After looking at the .pcap  the initial DHCP request and reply worked initially, but when it came to renewal time the device would ask to renew and nothing would come back and then eventually the client would stop and unbind the existing ip address.

I needed to get a trace at the DHCP server.  When I did this the server was replying at renewal but with a NAK  and with the address of 255.255.255.255  the device would never see the NAK, as the address was a broadcast on the x.y.4.0/24 subnet  and the device was on the x.y.1.0/24 subnet.  To me it seemed common sense that this needed to be a uni-cast not a broadcast to get through the routers. 

I opened a case with Meraki (04855962) to ask them why.  This was very frustrating as after an hour working with the engineer and getting all the captures, they went off shift and I had to start again with another engineer. (the difference between working with Meraki compared to Cisco TAC)

After Meraki reviewed, I was told the issue was NOT caused by the meraki MX64 it was operating correctly.

I was told
-----------------------
I've reviewed your issue and the issue is NOT caused by the MX as per Section 3.2 in 'IETF RFC2131 | Dynamic Host Configuration Protocol' below:

RFC  link:
https://tools.ietf.org/html/rfc2131#page-17
3.2 Client-server interaction - reusing a previously allocated network
    address
    If 'giaddr' is 0x0 in the DHCPREQUEST message, the client is on
          the same subnet as the server.  The server MUST
          broadcast the DHCPNAK message to the 0xffffffff broadcast
address
          because the client may not have a correct network address or subnet
          mask, and the client may not be answering ARP requests.
          Otherwise, the server MUST send the DHCPNAK message to the IP
          address of the BOOTP relay agent, as recorded in 'giaddr'.  The
          relay agent will, in turn, forward the message directly to the
          client's hardware address, so that the DHCPNAK can be delivered even
          if the client has moved to a new network.


      Please refer to page 9 of the RFC for more information about the DHCP fields description.
      e.g. giaddr: Relay agent IP address, used in booting via a relay agent.

The RFC2131 said that if the 'giaddr' (Relay agent IP address) in the client's DHCPREQUEST is 0.0.0.0, the MX will consider this DHCPREQUEST is within same broadcast domain of your MX's subnet: x.y.4.0/24. Because the client's requested 'dhcp.ip.client == x.y.1.71' (as per frame.number == 120 in your provided packet capture) is NOT within the same broadcast domain of the MX, the MX's DHCP server will send a DHCPNAK to a broadcast address.

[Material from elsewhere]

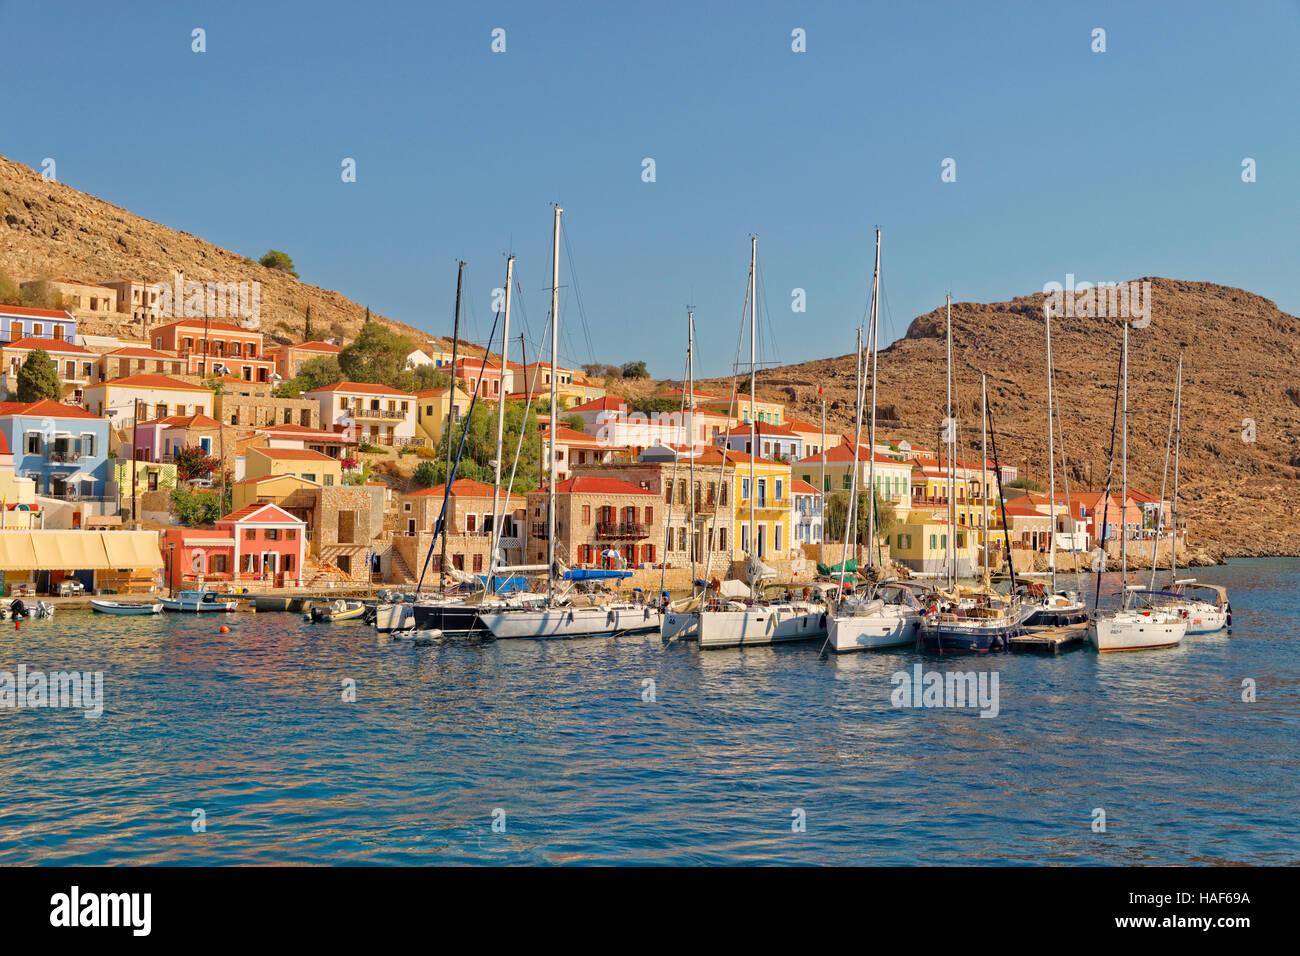 Yacht posti barca presso la città di Chalki, isola greca di Chalki situate al largo della costa nord di RODI, Immagini Stock
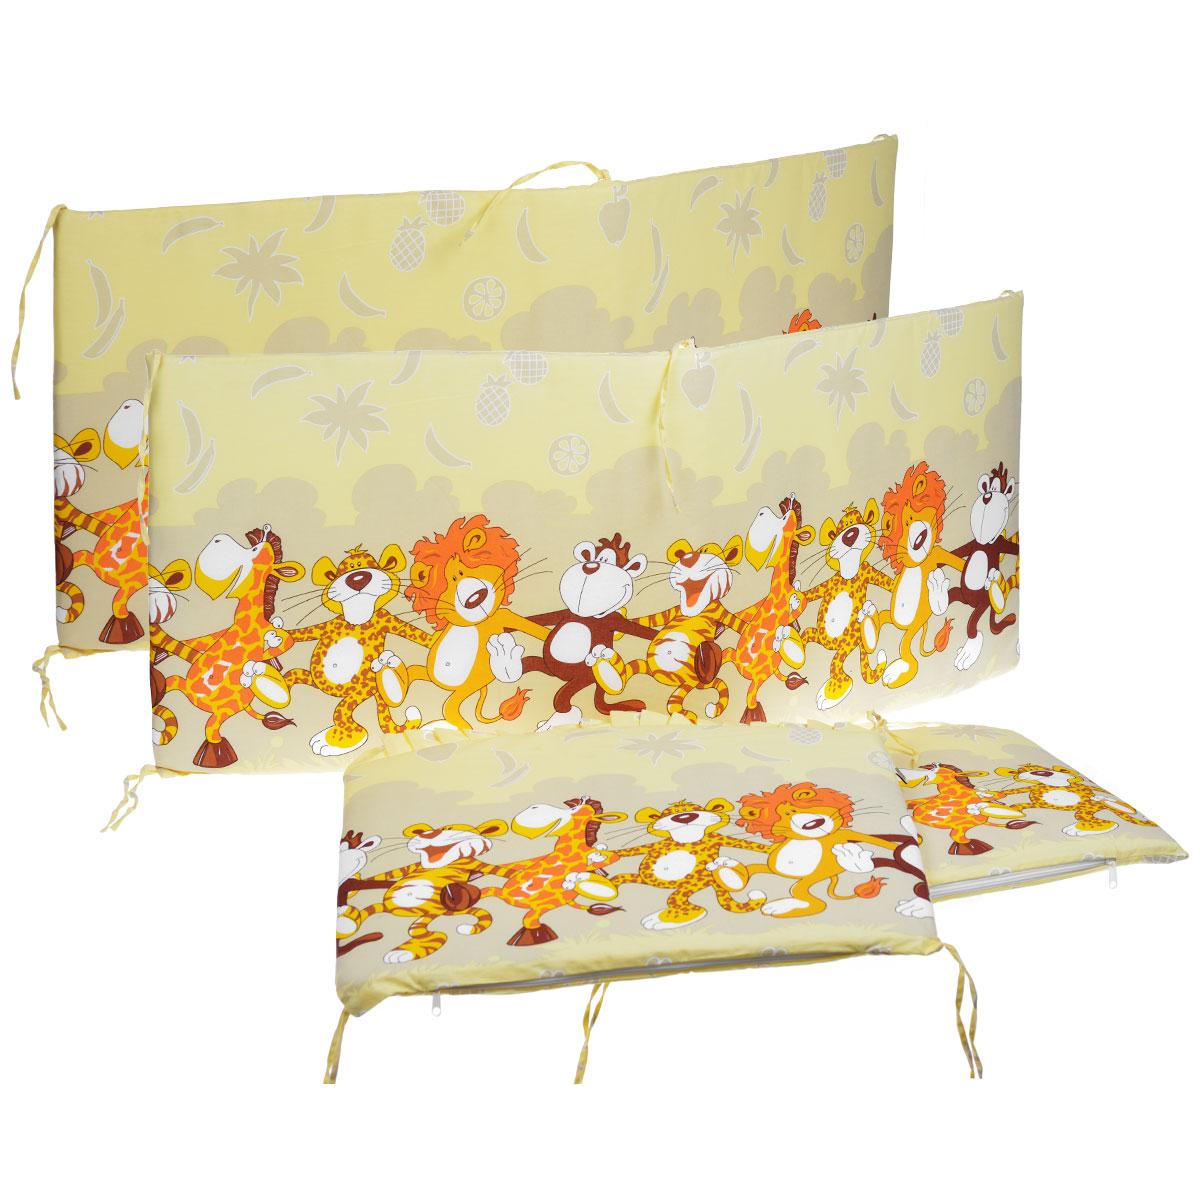 """Бампер в кроватку """"Африка"""" состоит из четырех частей и закрывает весь периметр кроватки. Бортик крепится к кроватке с помощью специальных завязок, благодаря чему его можно поместить в любую детскую кроватку. Бампер выполнен из бязи - натурального хлопка безупречной выделки. Деликатные швы рассчитаны на прикосновение к нежной коже ребенка. Бампер оформлен оборками и авторским рисунком с изображениями веселых танцующих зверей. Наполнителем служит холлкон - эластичный синтетический материал, экологически безопасный и гипоаллергенный, обладающий высокими теплозащитными свойствами. Бампер защитит ребенка от возможных ударов о деревянные или металлические части кроватки. Бортик подходит для кроватки размером 120 см х 60 см."""

If you are filtering the pcap with the filter: 'dhcp.ip.relay == x.y.1.0/24', you will see there are 2 DHCP relay agent IP addresses: x.y.1.1 and x.y.1.4 which were in the client's DHCP requests and they were the working DHCP renewal requests as per below screenshot. Please note that the source IP of the DHCPREQUEST will be always a DHCP relay agent IP if it is included in the DHCPREQUEST (as per RFC2131).



---------------------------------------------

Well this looked very technical and quoting the RFC,  but it did not make any sense.   I could NOT believe that people smarter than me that write the RFC made this glaring mistake.  It was time to download the RFC and look for myself.  7 hours later and some experiments I had made some progress !

You needed to read further in the RFC Meraki Quoted.



My issue was with the renewing process and  NOT for the  Initial DHCP Discover ??



From Page 31 of the same document meraki quoted


DHCPREQUEST generated during RENEWING state:

      'server identifier' MUST NOT be filled in, 'requested IP address'
      option MUST NOT be filled in, 'ciaddr' MUST be filled in with
      client's IP address. In this situation, the client is completely
      configured, and is trying to extend its lease. This message will
      be unicast, so no relay agents will be involved in its
      transmission.  Because 'giaddr' is therefore not filled in, the
      DHCP server will trust the value in 'ciaddr', and use it when
      replying to the client.

      A client MAY choose to renew or extend its lease prior to T1.  The
      server may choose not to extend the lease (as a policy decision by
      the network administrator), but should return a DHCPACK message
      regardless.


The renew conversation is between end device and the DHCP server (the relay agent is NOT involved)  Why would it need to put the relay agent IP address in ?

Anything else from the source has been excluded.